Medtronic’s adjusted earnings dropped in half to 62 cents a share, from $1.26 in last year’s first quarter.

Advanced Disposal shareholders approve lower price

Shareholders of Ponte Vedra-based Advanced Disposal Services Inc. last week approved a lower price for the company’s proposed buyout by Waste Management Inc.

Waste Management agreed in April 2019 to buy Advanced Disposal for $33.15 per share and stockholders approved the deal last year.

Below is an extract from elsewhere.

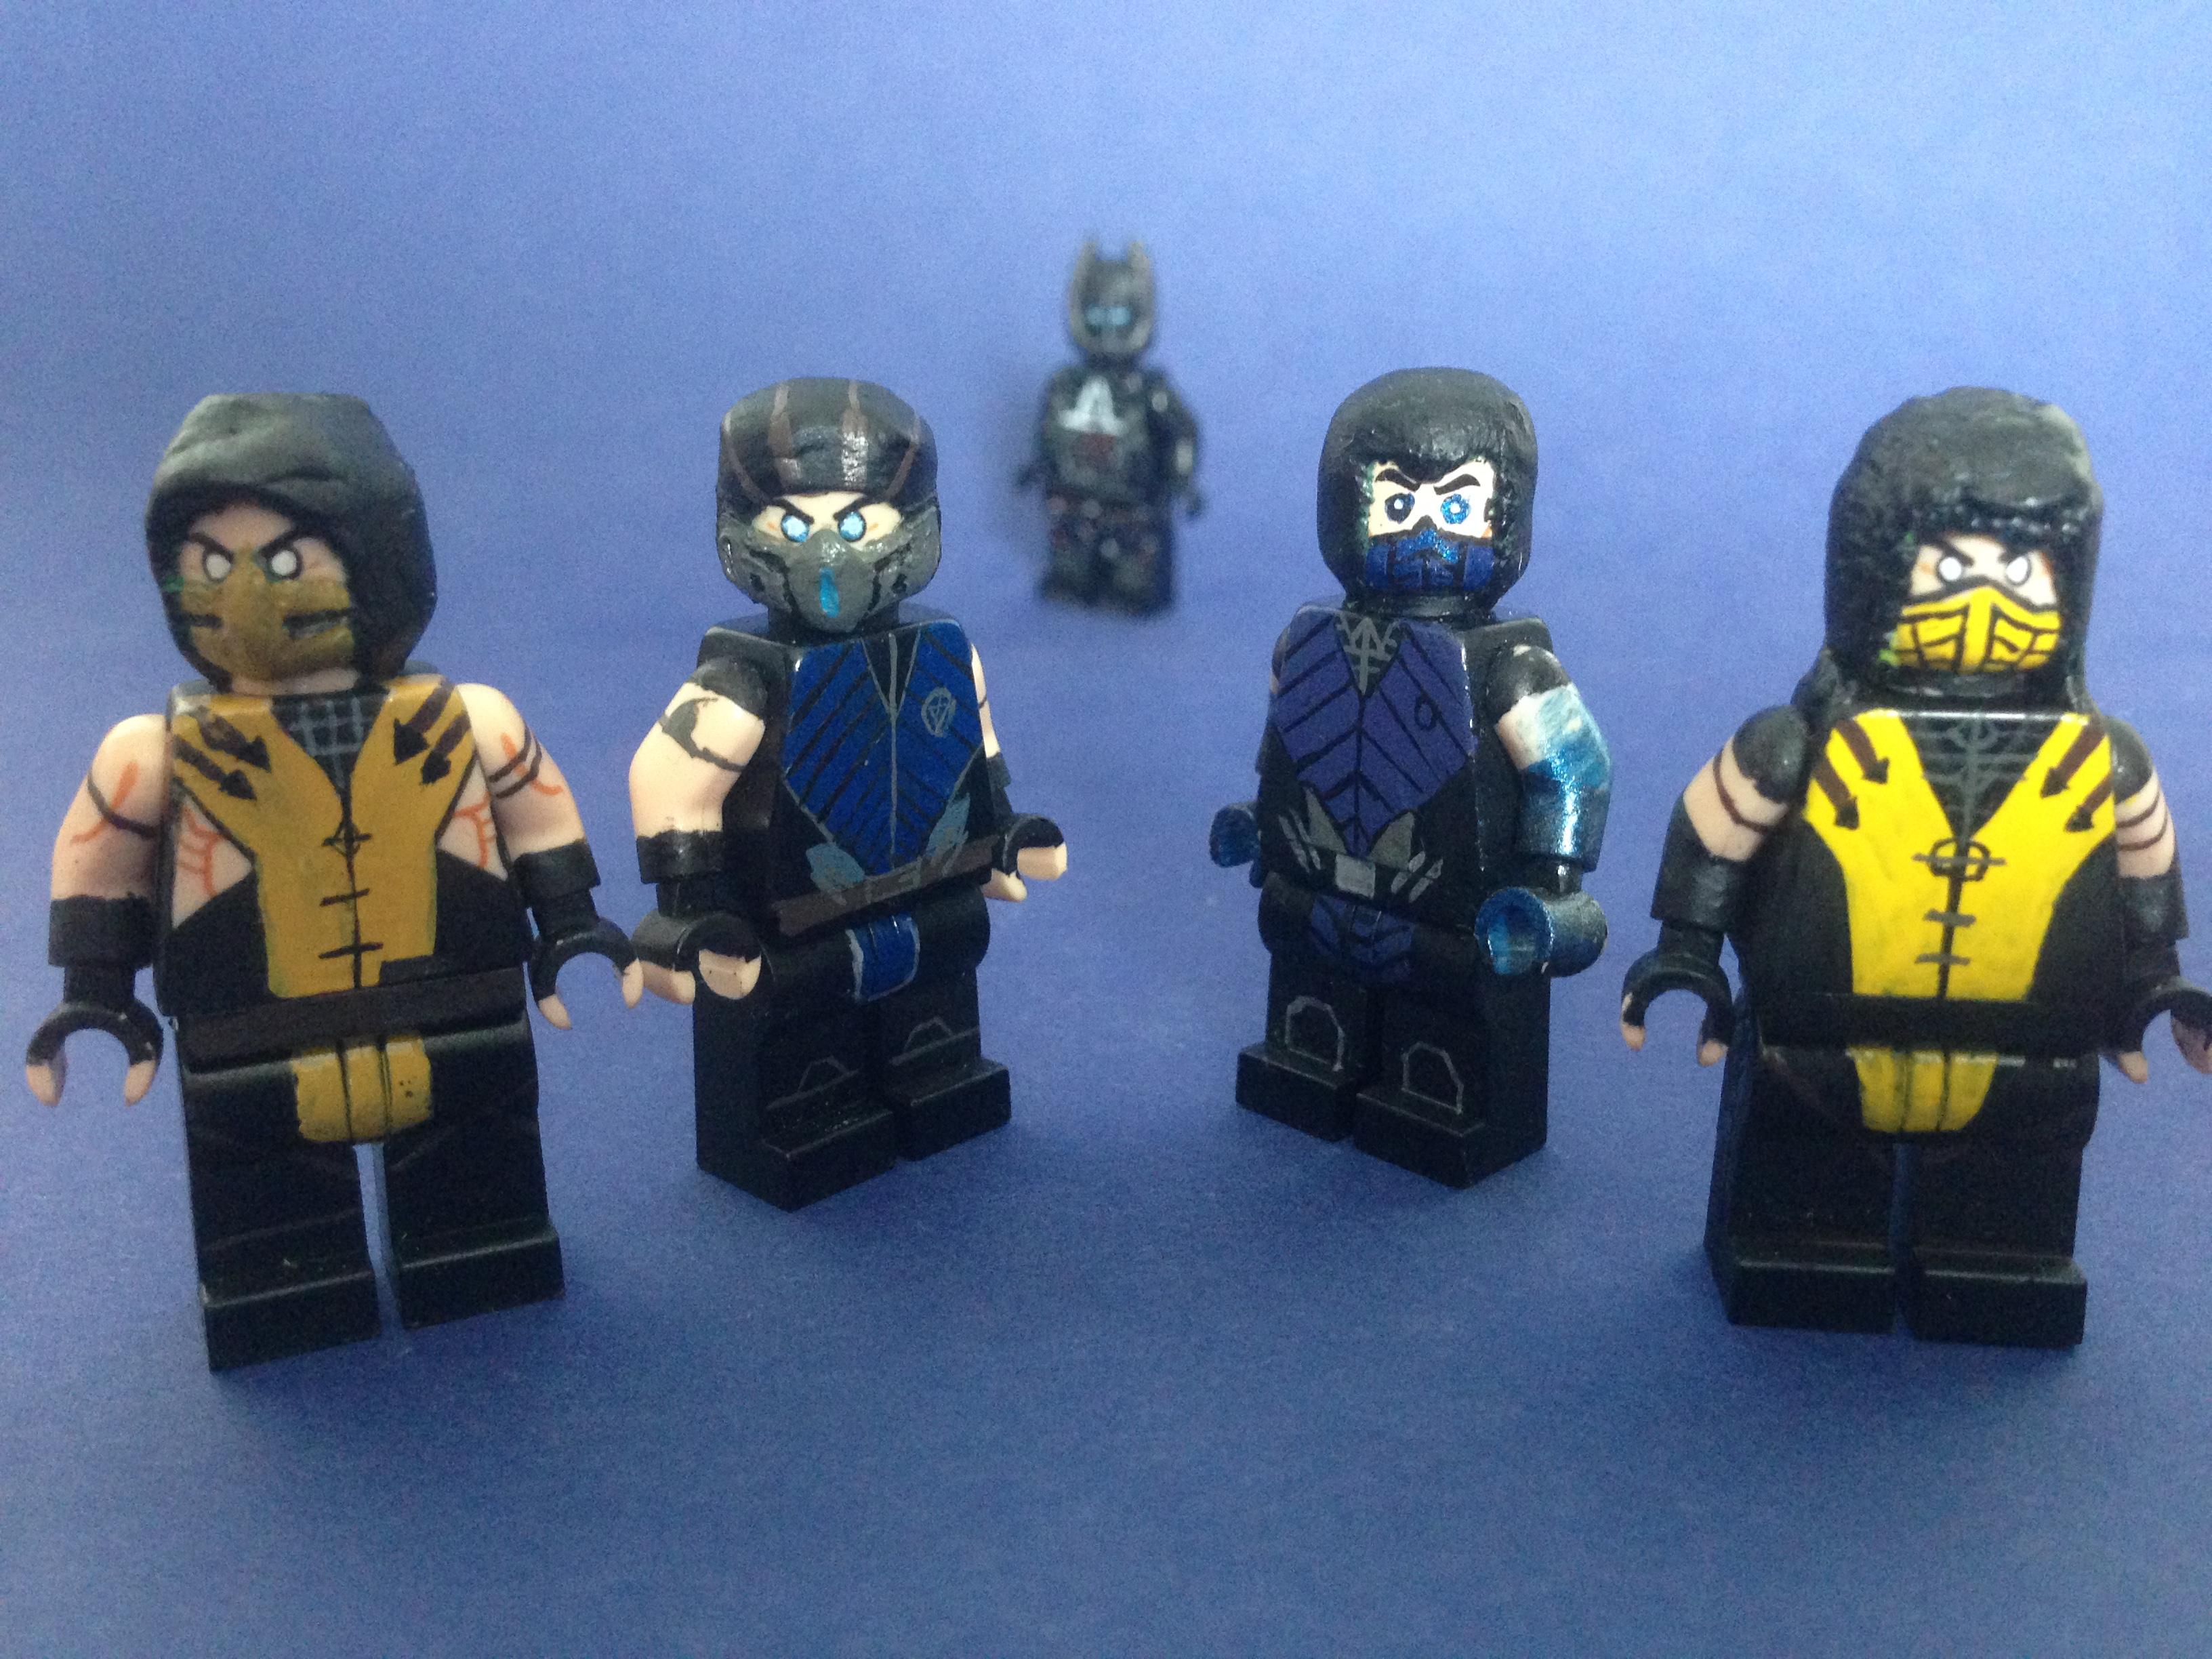 Lego Mortal Kombat All Characters: LEGO Marvel Superheroes ...  Lego Mortal Kom...

But as the approval process for the deal dragged on, the companies agreed in June 2020 to lower the price to $30.30, and shareholders had to vote again on the new price.

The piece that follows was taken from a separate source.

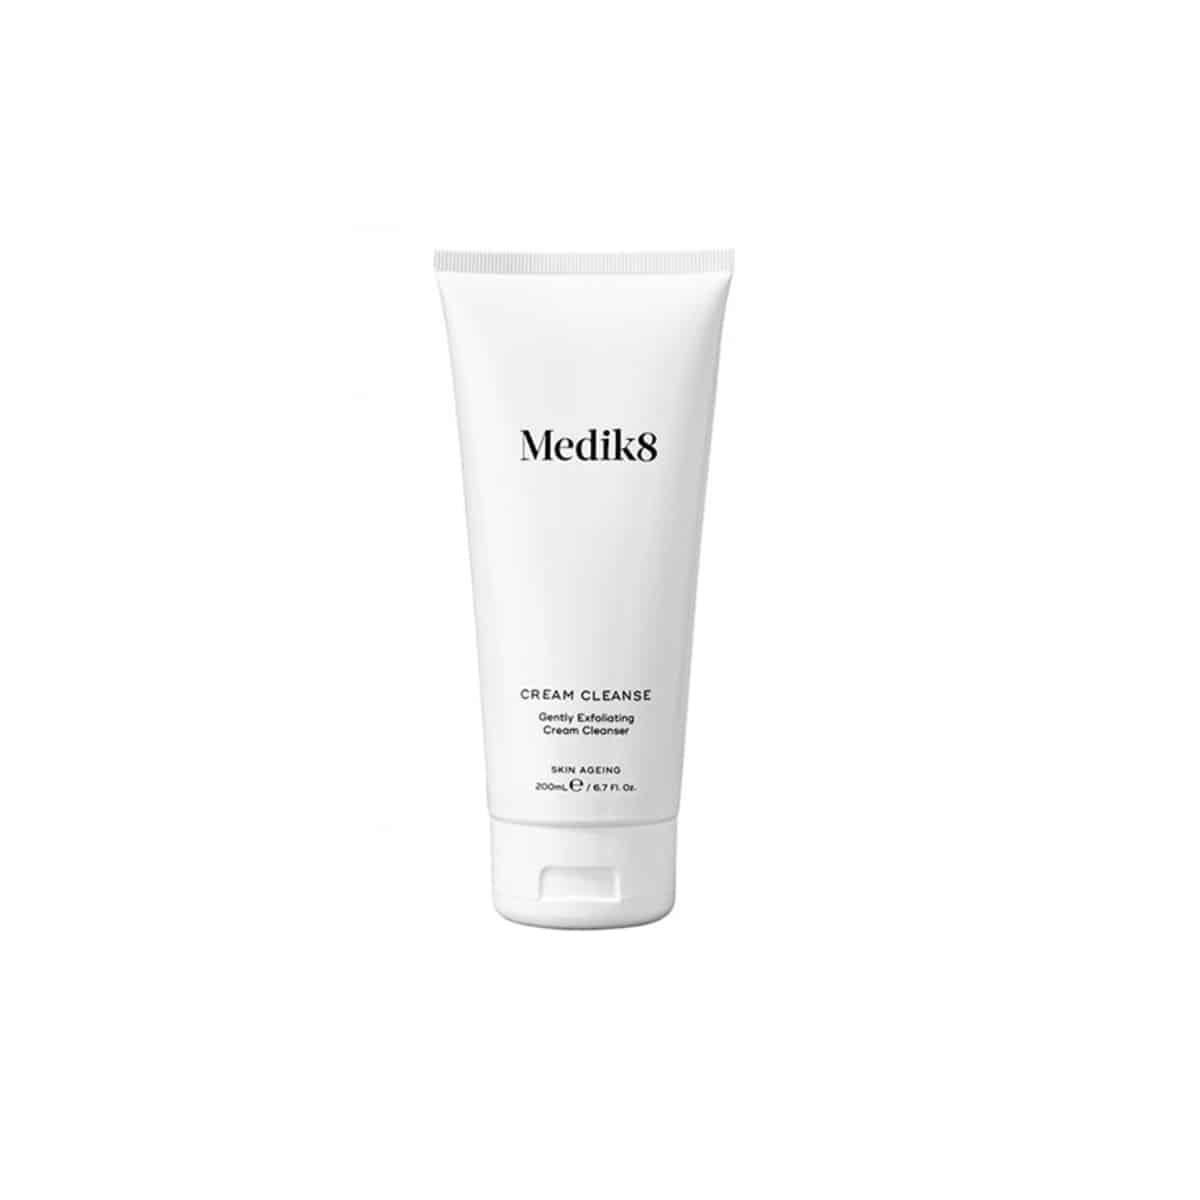 Medik8 Cream Cleanse Ireland

More than 99% of shares voted approved the lower price at a special meeting, according to a Securities and Exchange Commission filing.

The companies hope to complete the deal by the end of September but they still need U.S. Justice Department approval. 

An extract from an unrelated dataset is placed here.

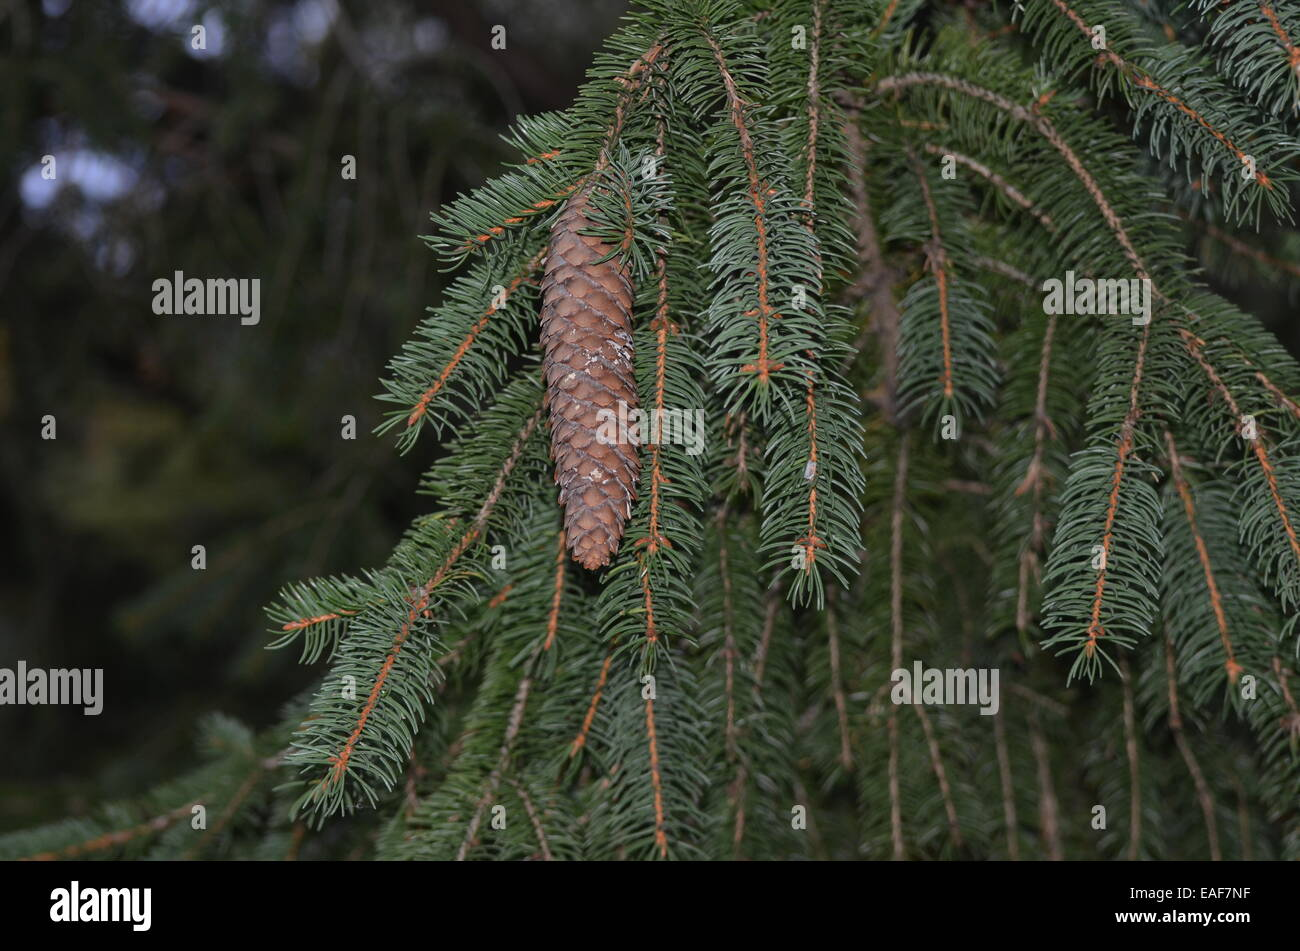 pine cone - Stock Image

Waste Management in June announced an agreement to sell $835 million in assets from the merged company to GFL Environmental, which it hopes will satisfy antitrust concerns about the merger of two waste services companies.

Fanatics sells $350 million in stock

Jacksonville-based Fanatics Holdings Inc. said last week in an SEC filing it sold $350 million in preferred stock.

The privately held online sports apparel and merchandise company rarely makes public filings, and last week’s document gives few details on the deal. 

However, CNBC reported on its website the stock sale values Fanatics at $6.2 billion.

Fanatics was founded as a retail store in the Orange Park Mall in 1995 by brothers Alan and Mitchell Trager.

The Tragers sold the company in 2011 and it is now part of a Philadelphia-based holding company called Kynetic.

Analyst upgrades CSX on trends

Stephens analyst Justin Long upgraded his rating on CSX Corp. from “equal weight” to “overweight,” citing several favorable trends for the Jacksonville-based railroad company.

“While we have always viewed CSX as being favorably positioned over the long term, our hesitancy in the past year has been based on the company’s earnings growth being more dependent on the top line (less room for ‘self help’ margin improvement via precision scheduled railroading) in a weak demand environment,” Long said in his research note Aug. 31.

However, he now sees favorable trends including a positive inflection in the freight market and low capital expense requirements that should improve cash flow.

“CSX’s stock has also lagged the rail sector year-to-date and its valuation relative to the S&P 500 is near the low end of the historical range,” Long said.

He raised his price target for CSX’s stock from $72 to $93, with the stock trading at $77.07 at the time of his report.

Landstar System downgraded on high stock price

Jacksonville-based trucking company Landstar System Inc. reached a record high of $138.55 when the market opened Aug. 31, but Stifel analyst J. Bruce Chan downgraded the stock last week because of its recent run-up.

“As the stock paves new peaks, we ask ourselves: is Landstar a fundamentally better company, or this market fundamentally better than in 2018? To both questions, we think the answer is no,” Chan said in his research report.

“We view Landstar as a great company now, as it was a couple years ago, and while there are more signs of secular consolidation, insurance is a structural headwind, and we are increasingly aware of macro uncertainty stemming from political, epidemiological, and other sources,” he said.

Chan downgraded his rating from “buy” to “hold” and dropped his price target from $127 to $110.

Black Knight acquires DocVerify

Black Knight Inc. last week said it acquired DocVerify, a California-based company that provides digital document signing services.

Jacksonville-based mortgage technology company Black Knight said the acquisition helps its goal of digitizing real estate and mortgage document processes.

Terms of the deal were not announced.